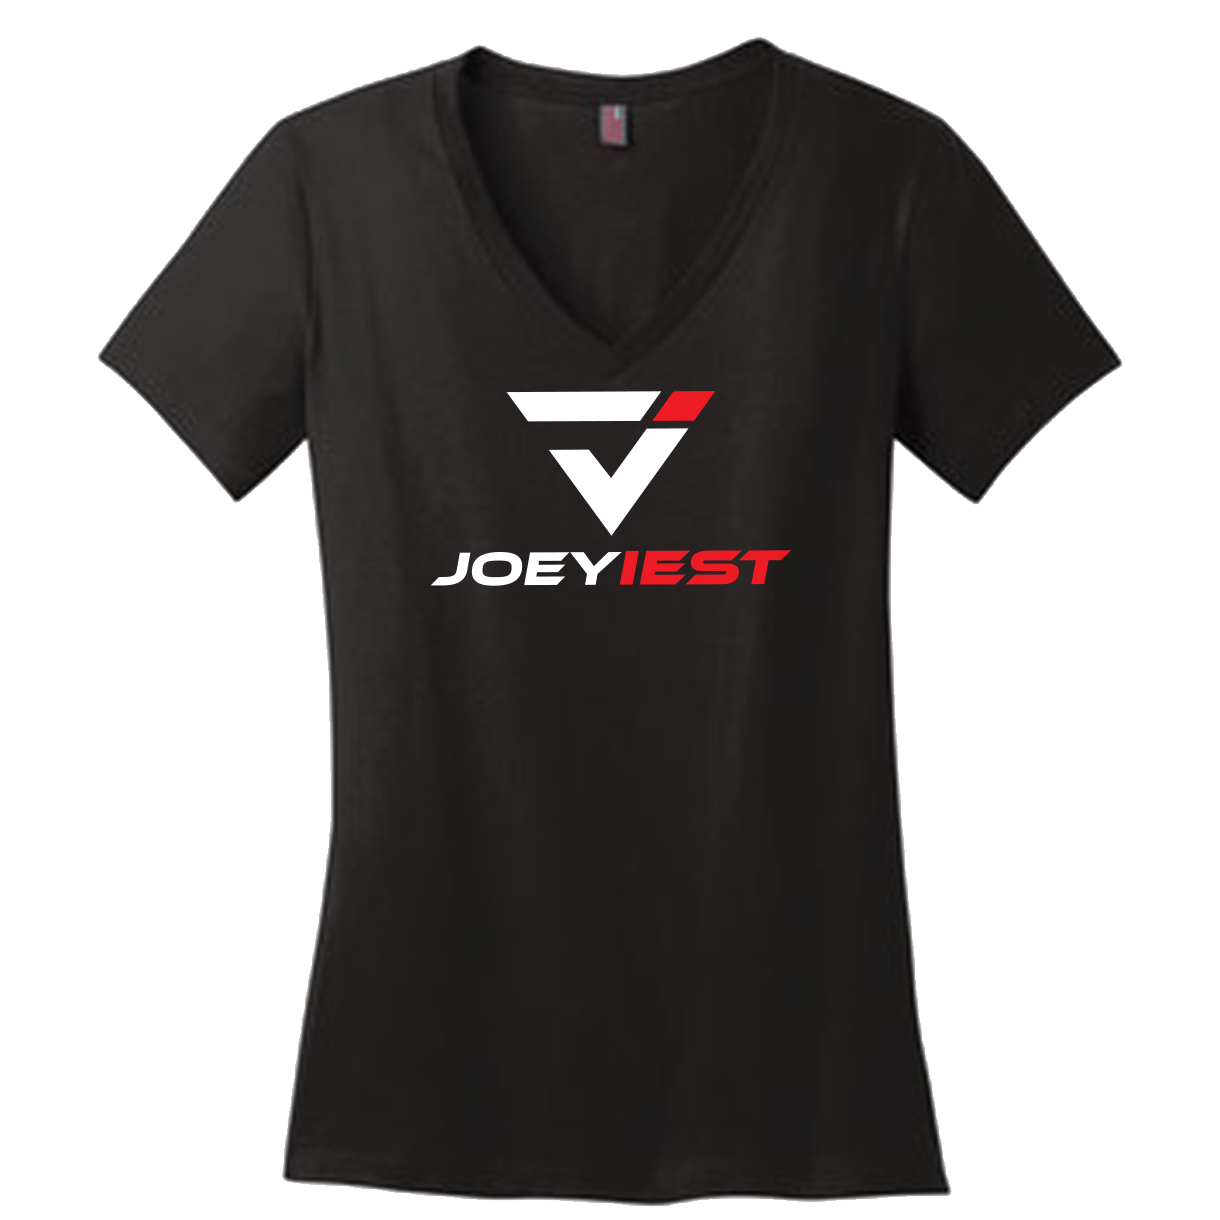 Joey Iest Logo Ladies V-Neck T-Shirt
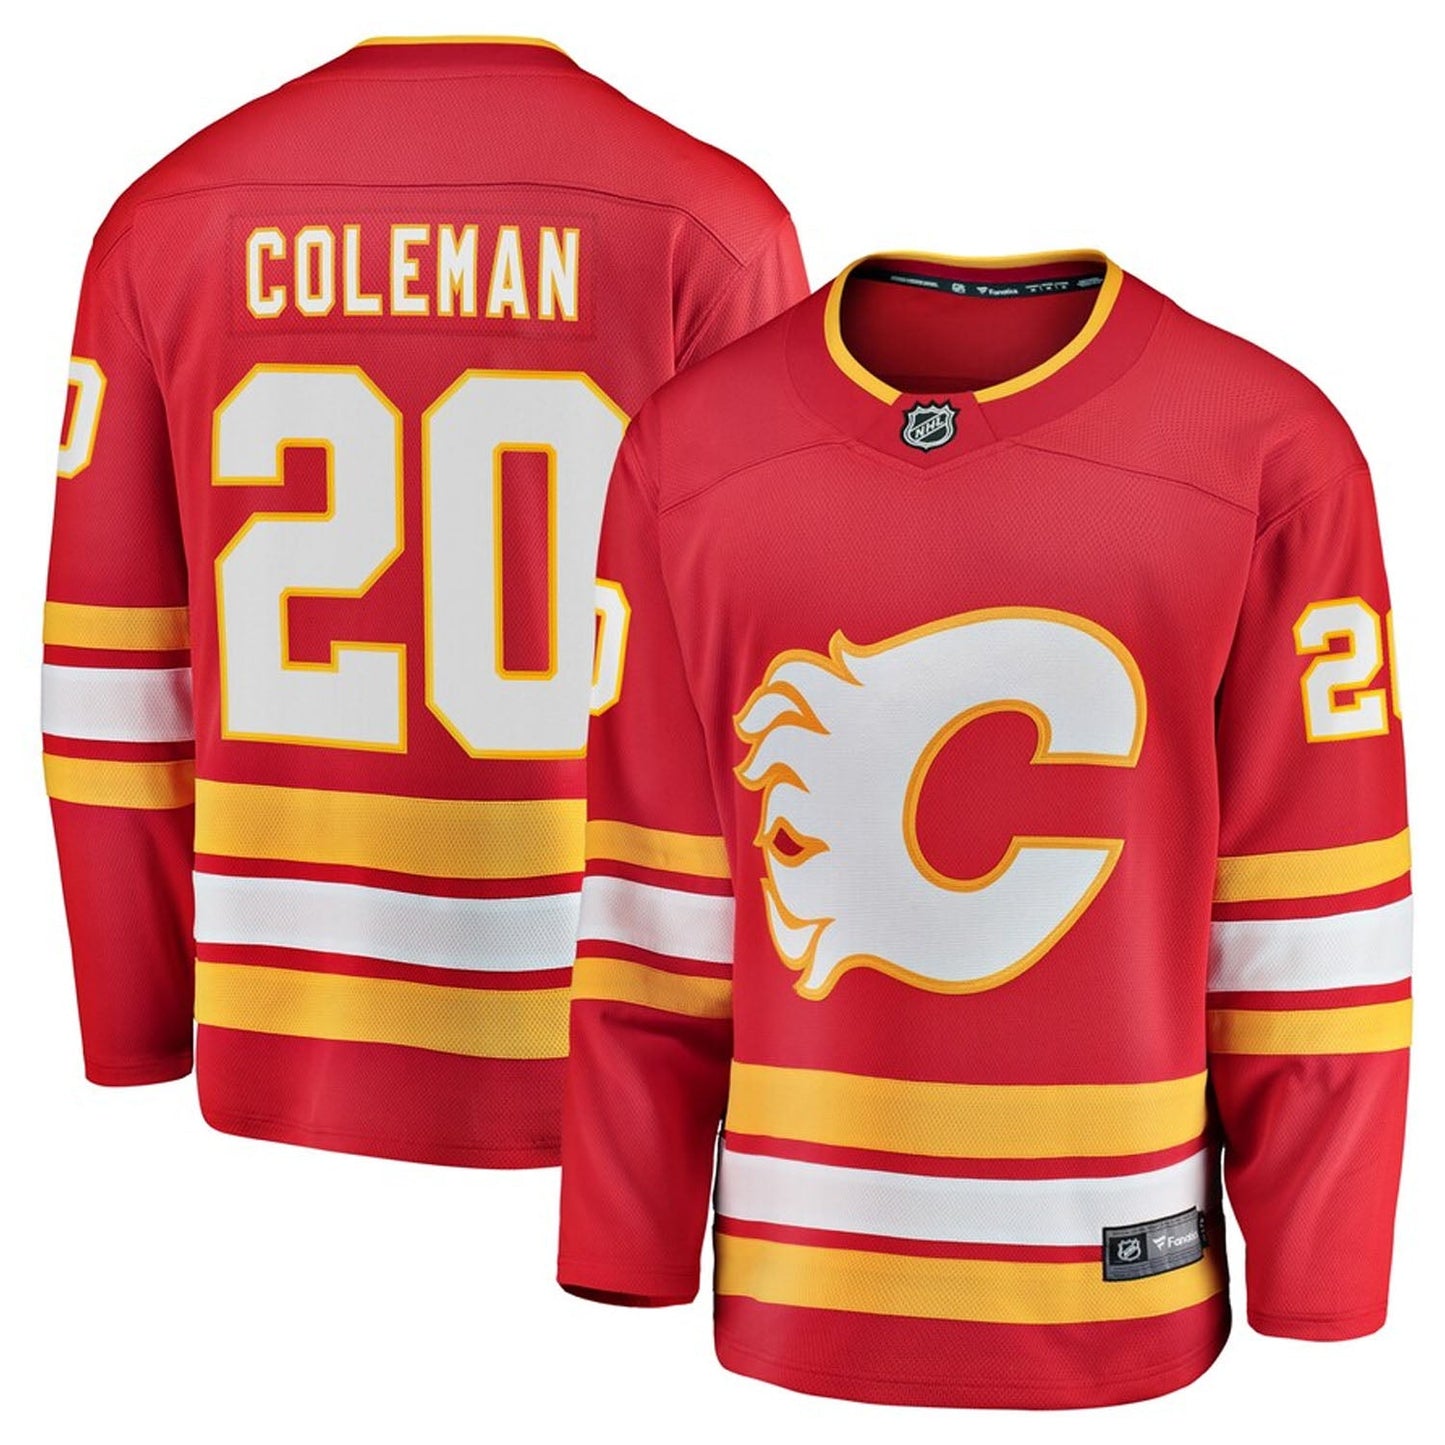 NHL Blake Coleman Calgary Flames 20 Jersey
* * *
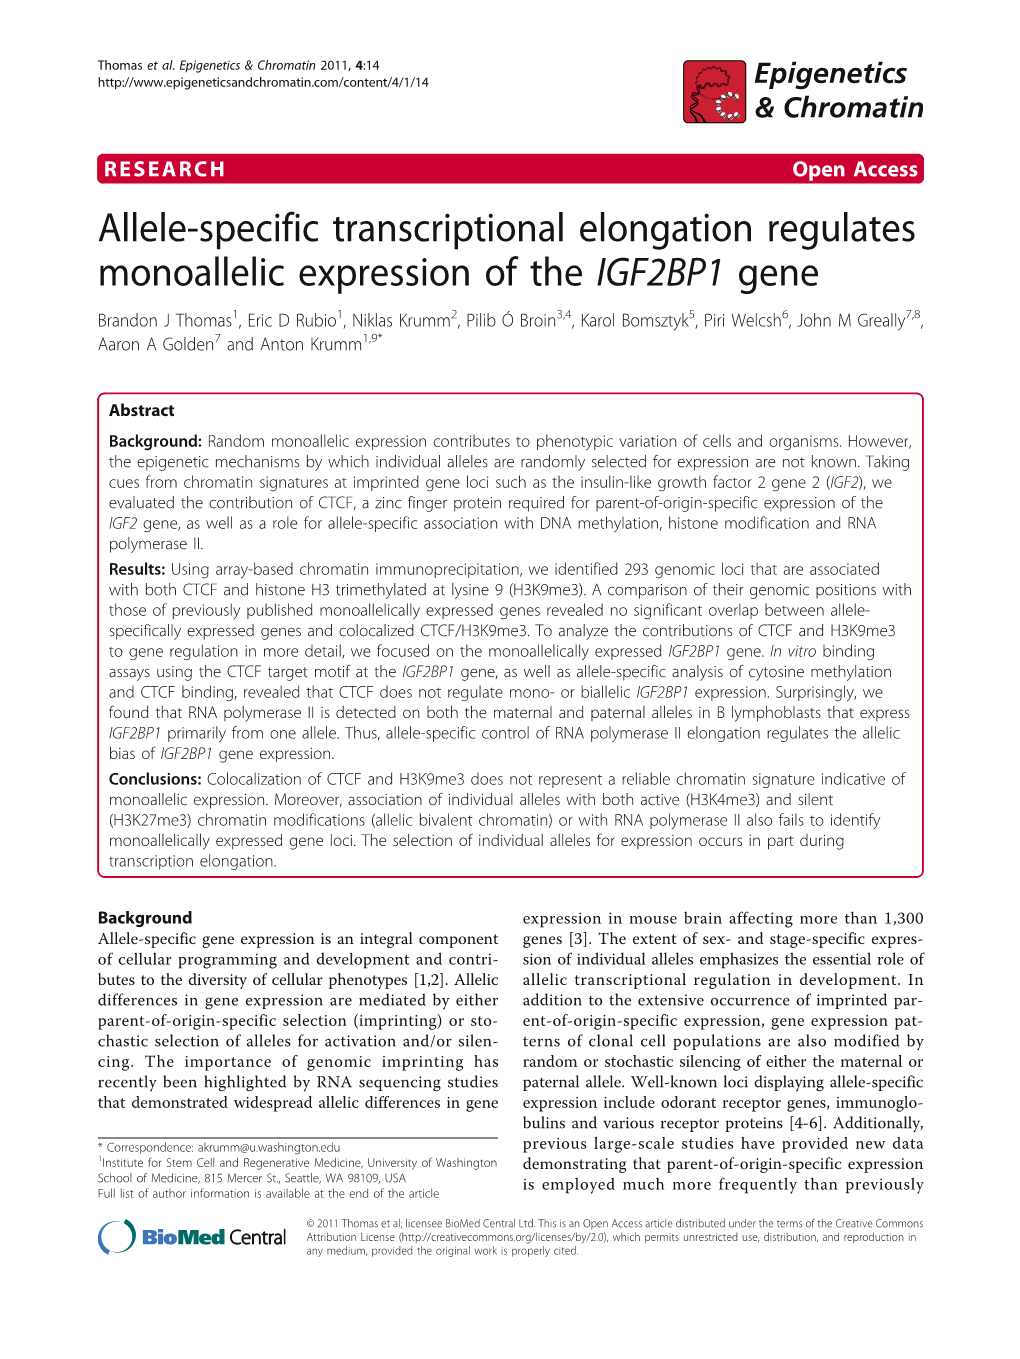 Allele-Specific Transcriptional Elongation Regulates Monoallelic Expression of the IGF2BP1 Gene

▸ **Task brief**
A clean copy is needed of the lines above from the one with "Joey Iest Logo Ladies V-Neck T-Shirt" up to and including the one with "NHL Blake Coleman Calgary Flames 20 Jersey". Please set it down exactly, with no pictures.

▸ **Solution to this task**
 Joey Iest Logo Ladies V-Neck T-Shirt
 NHL Blake Coleman Calgary Flames 20 Jersey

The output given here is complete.